Stored data Block Start

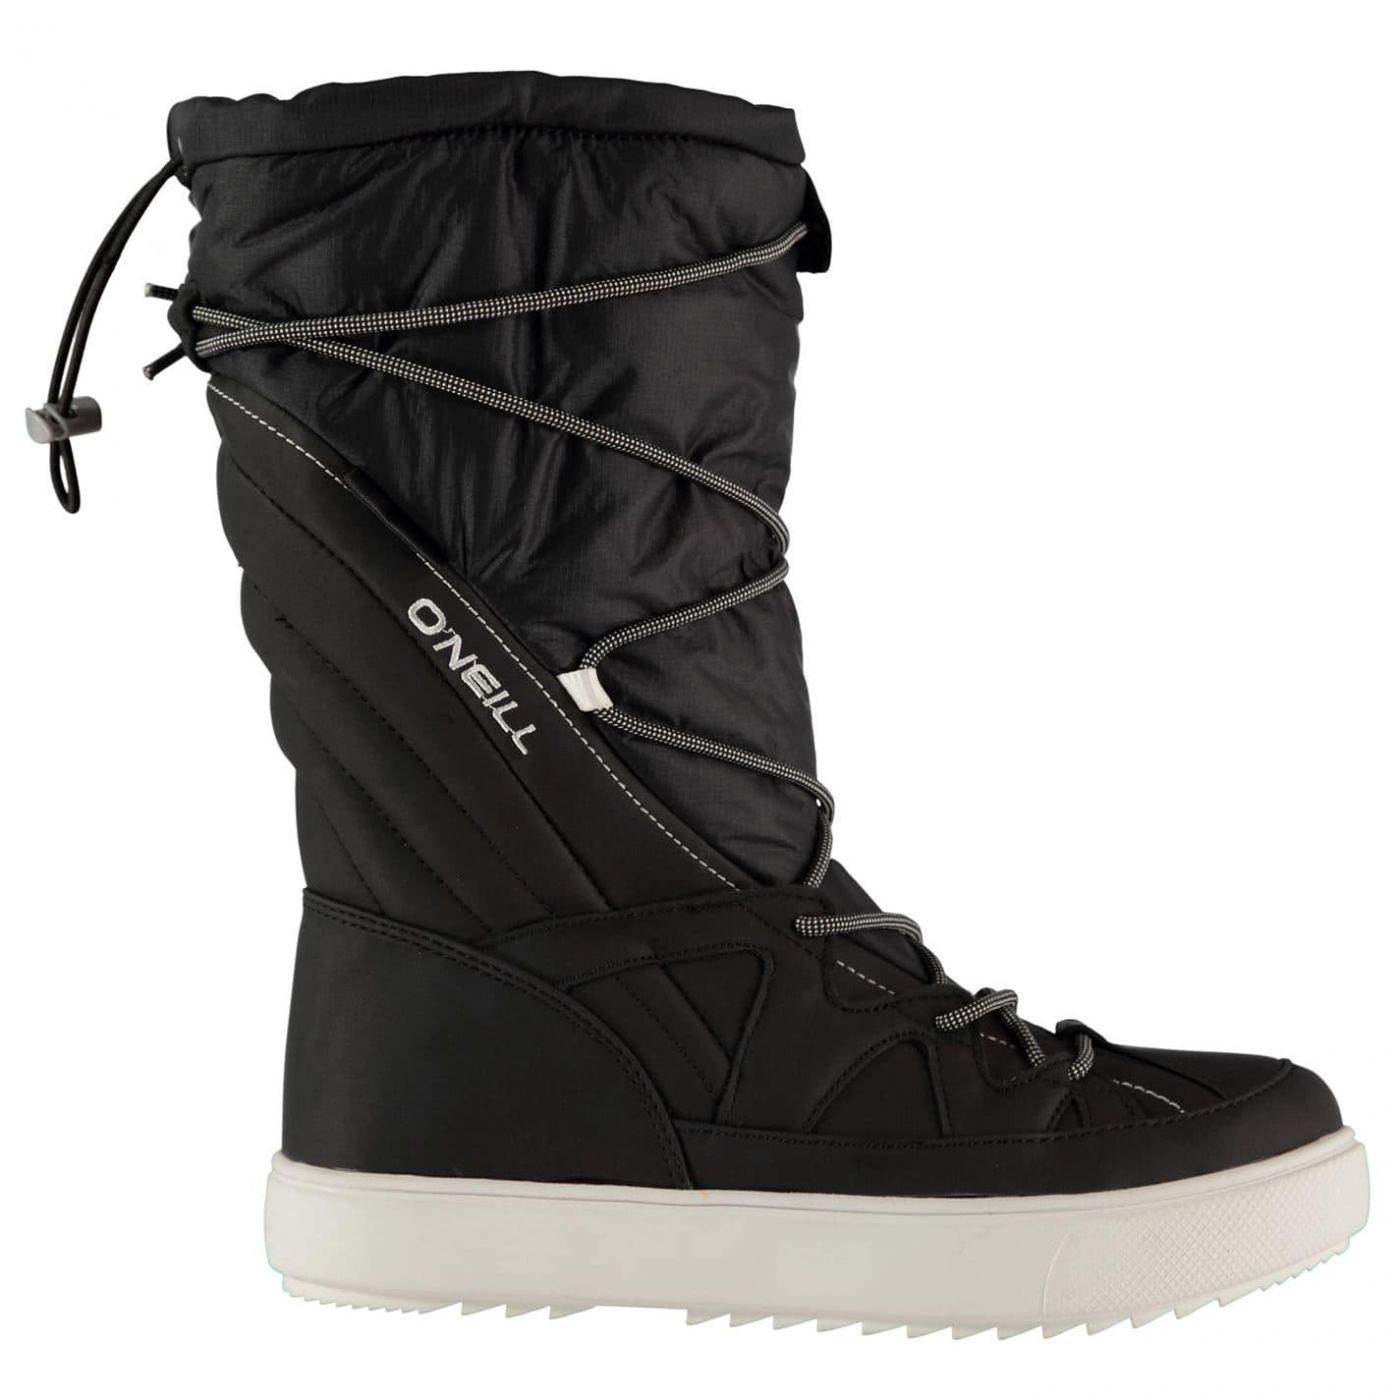 ONeill Montabella Ladies Snow Boots
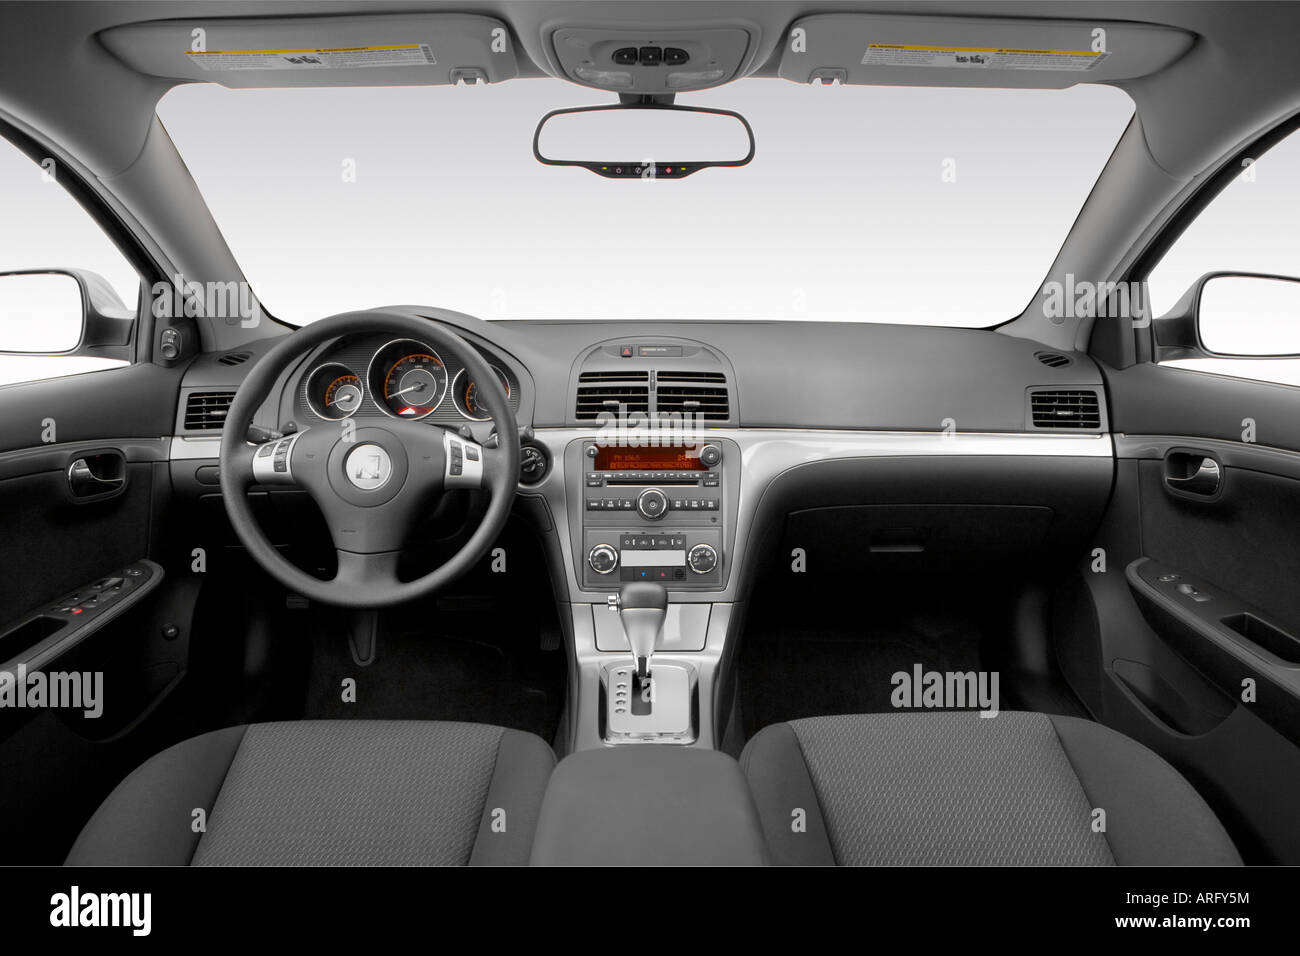 2007 saturn aura xr in silver dashboard center console gear shifter view
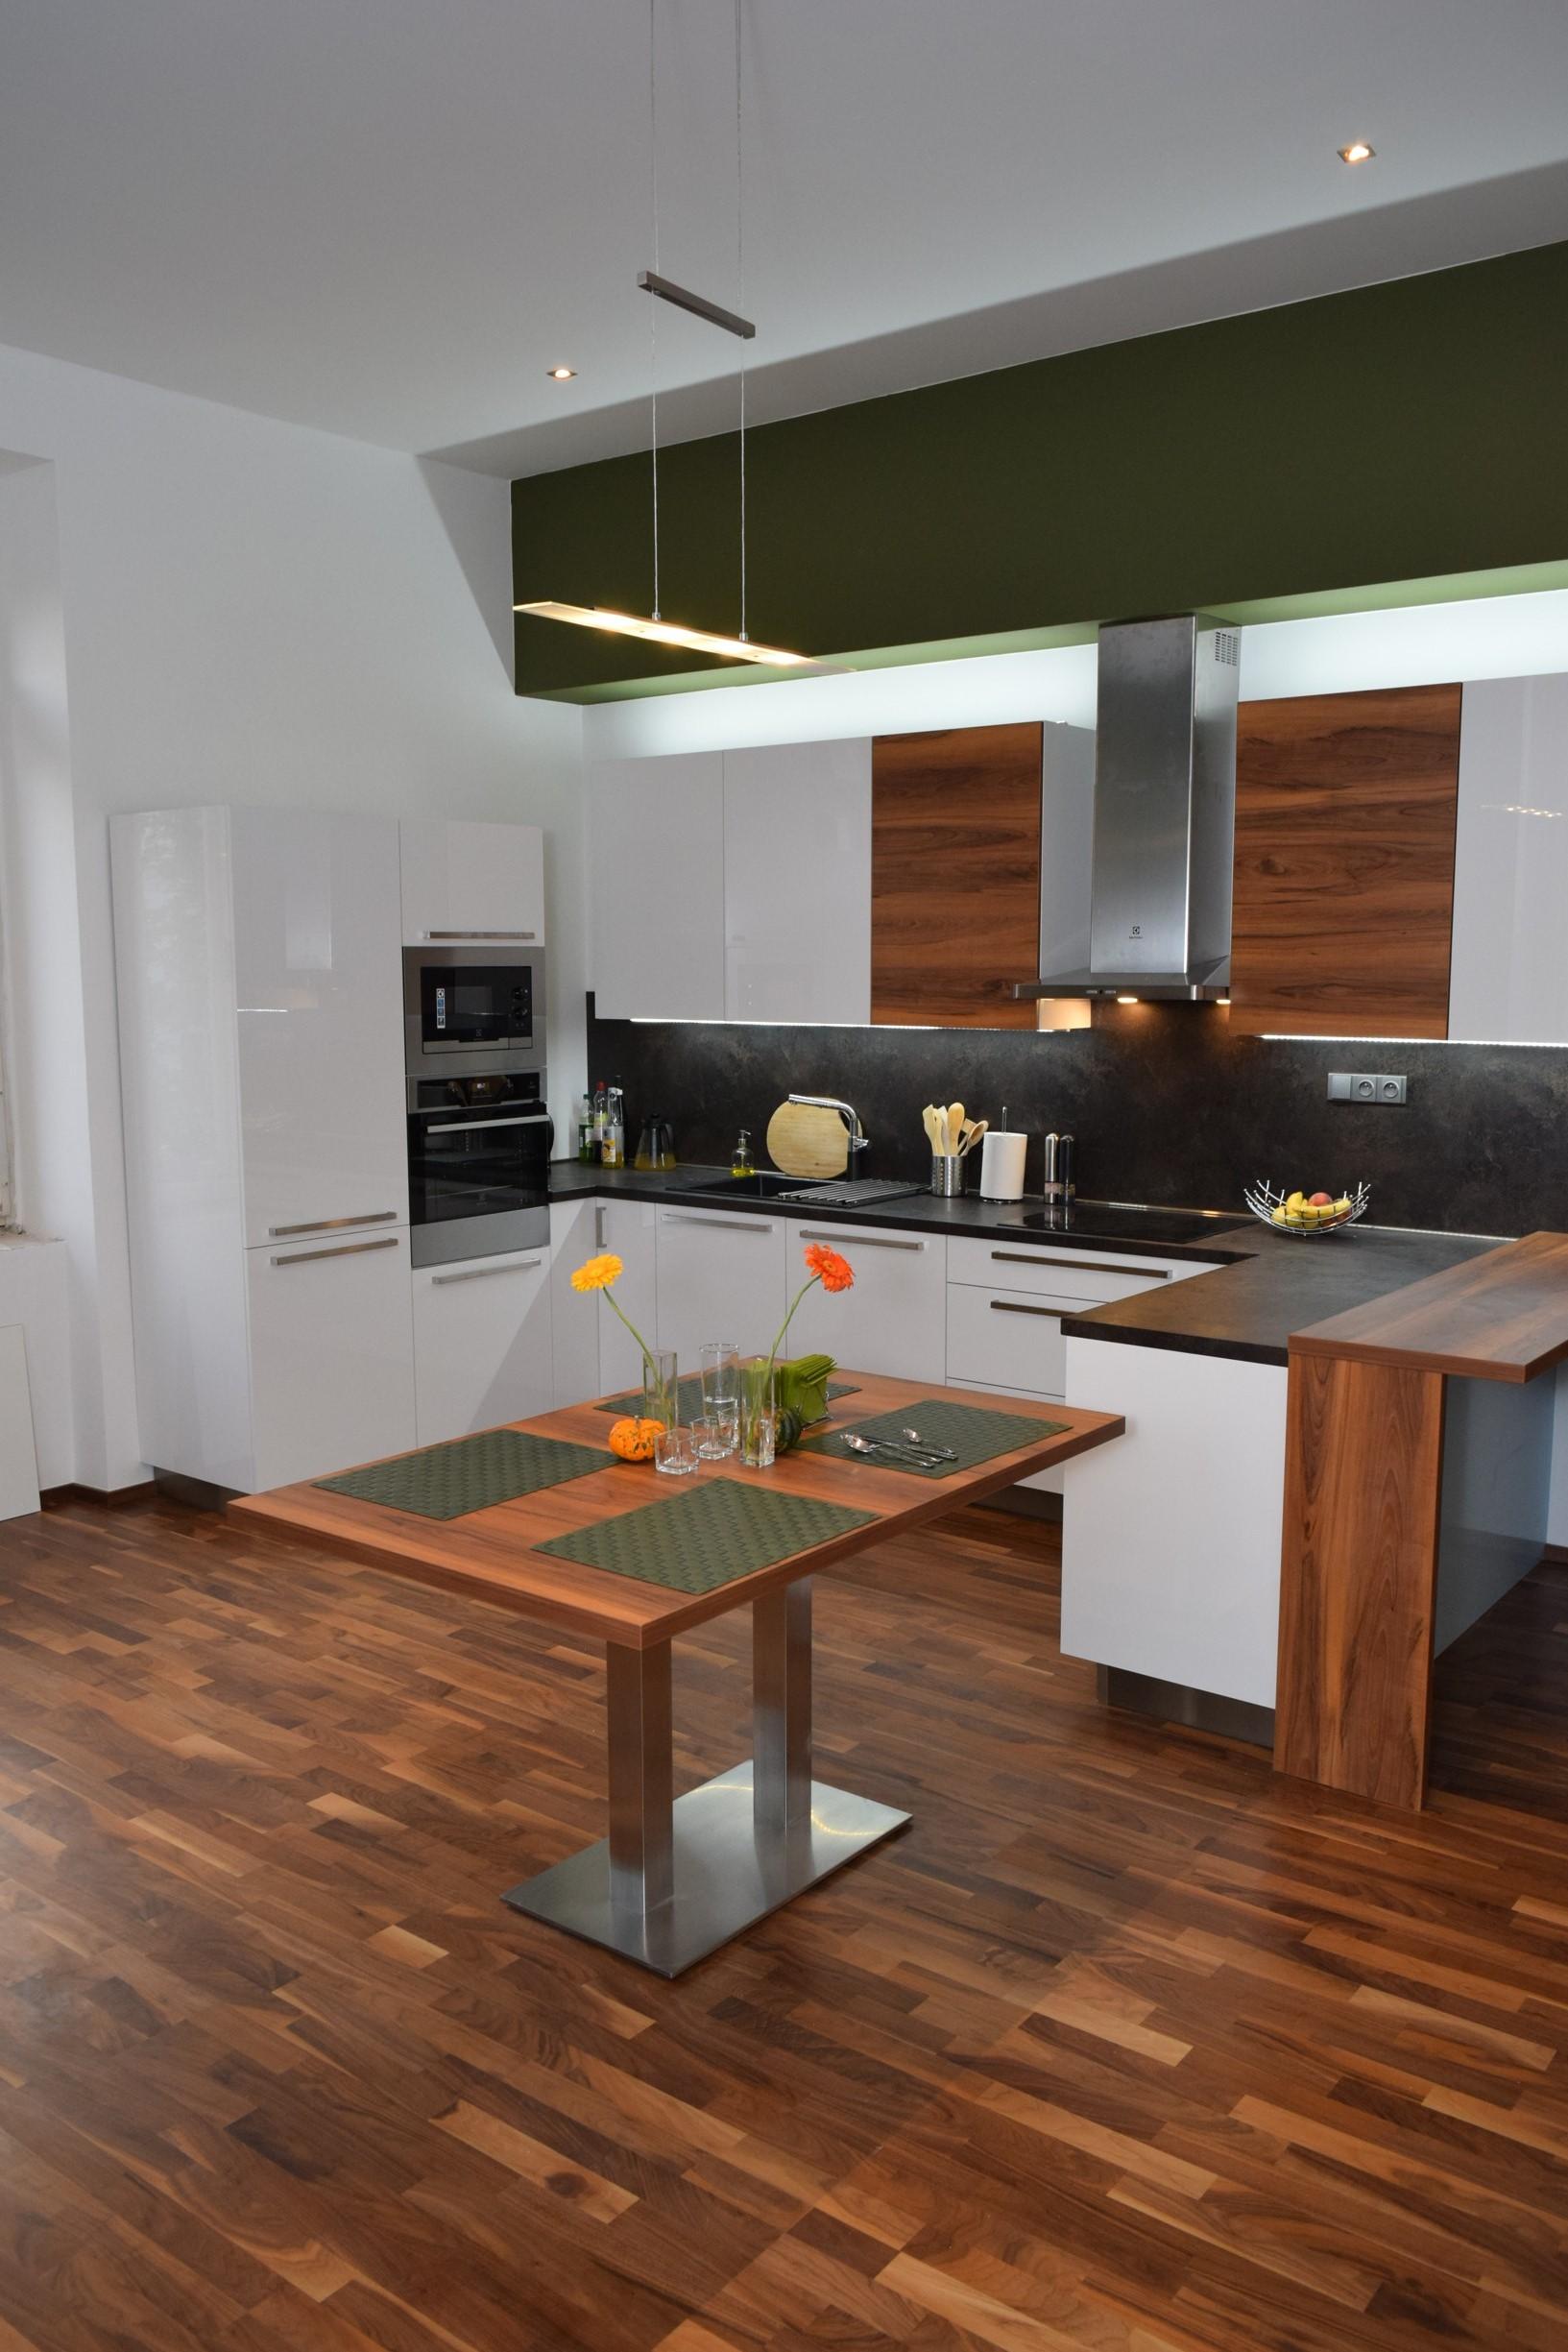 Jak si sám vyrobit kuchyň

Stored data Block End

• Directions: The answer must be the listing above, restated word for word, with no images in it.

• The answer:
 ONeill Montabella Ladies Snow Boots
 2007 saturn aura xr in silver dashboard center console gear shifter view
 Jak si sám vyrobit kuchyň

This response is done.